Eva schob den Unterkiefer vor und betonte damit ihr spitzes Kinn. Viele Leute waren der Meinung, dass Luisa ihrer Mutter ähnlich sähe. Angeblich hatten sie die gleiche Gesichtsform und die gleiche Nasen- und Mundpartie. Aber wenn Luisa in den Spiegel blickte, fühlte sie sich eher an ihren Vater erinnert, denn Ansgar hatte ihr die dunkle Lockenmähne und die hellbraunen Augen vererbt.

„Ich habe noch viel zu tun“, sagte ihre Mutter jetzt.

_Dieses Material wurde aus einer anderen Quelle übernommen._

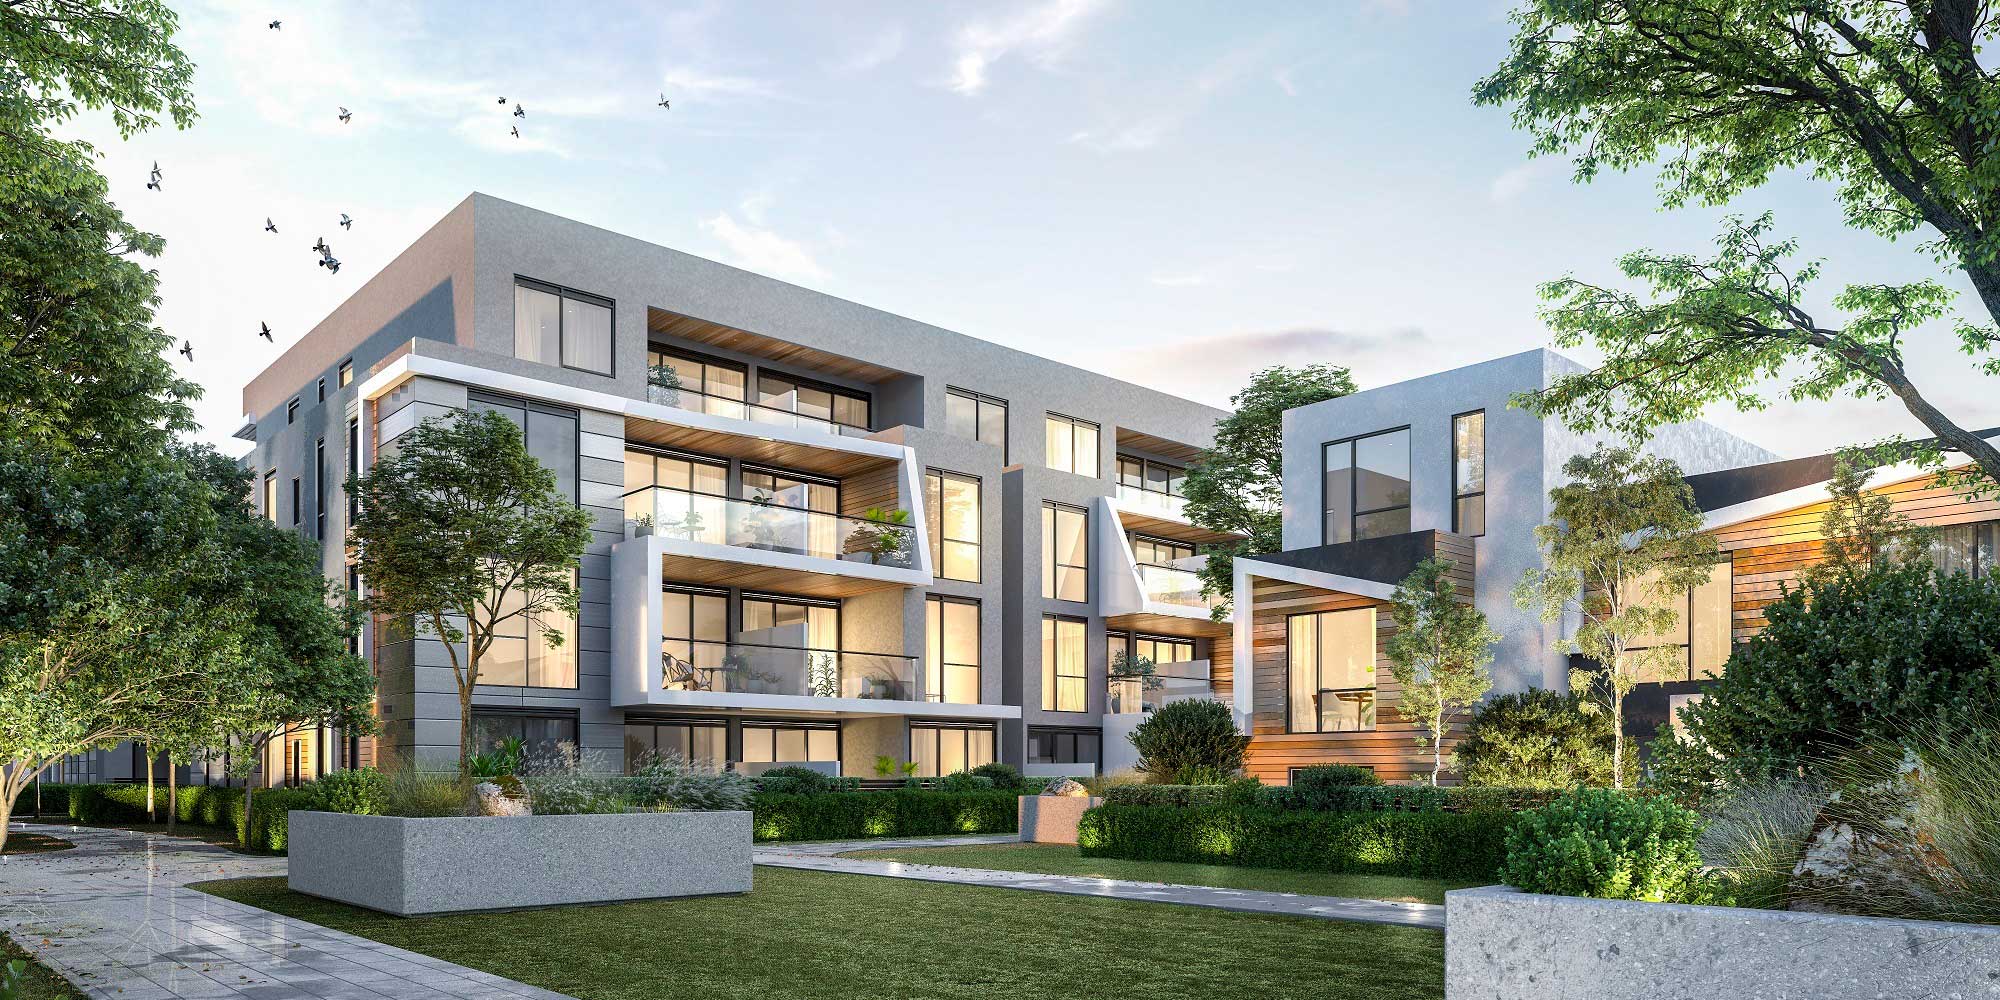 VION Property | real estate agency | Suite 3.03/424 St Kilda Rd, Melbourne VIC 3004, Australia | 61491088186 OR +61 61 491 088 186

„Dann fahre ich mit dem Rad hin. Ist kein Problem.“

Eva schüttelte den Kopf. „Nein. Dann sehe ich dich erst in ein paar Stunden wieder.“ Sie legte ihre Ledertasche auf das weiße Flurschränkchen. „Ich muss noch einige Akten durchsehen. Dann fahre ich dich. Du hast dann eine halbe Stunde. Nicht mehr!“

Luisa atmete tief durch. Besser als nichts, dachte sie sich. „Wenn du nicht mehr Zeit für mich entbehren kannst …“

Ihre Mutter sah sie streng an. „Hast du heute schon etwas gegessen?“

„Brot. In der Schule.“

„Kochst du uns ein paar Nudeln?“

„Kann ich machen.“

„Gut. Ich bin dann mal im Arbeitszimmer.“

Luisa antwortete nicht, denn diese Worte kannte sie nur zu gut aus Evas Mund. Ihre Mutter war Anwältin für Umweltrecht und hatte diesen Job zu ihrem Hauptlebensinhalt gemacht.

Luisa ging in die Küche und füllte Wasser und Salz in einen Topf.

„Wenigstens sehen wir uns gleich, Ophelia“, flüsterte sie und stellte den Gasherd an.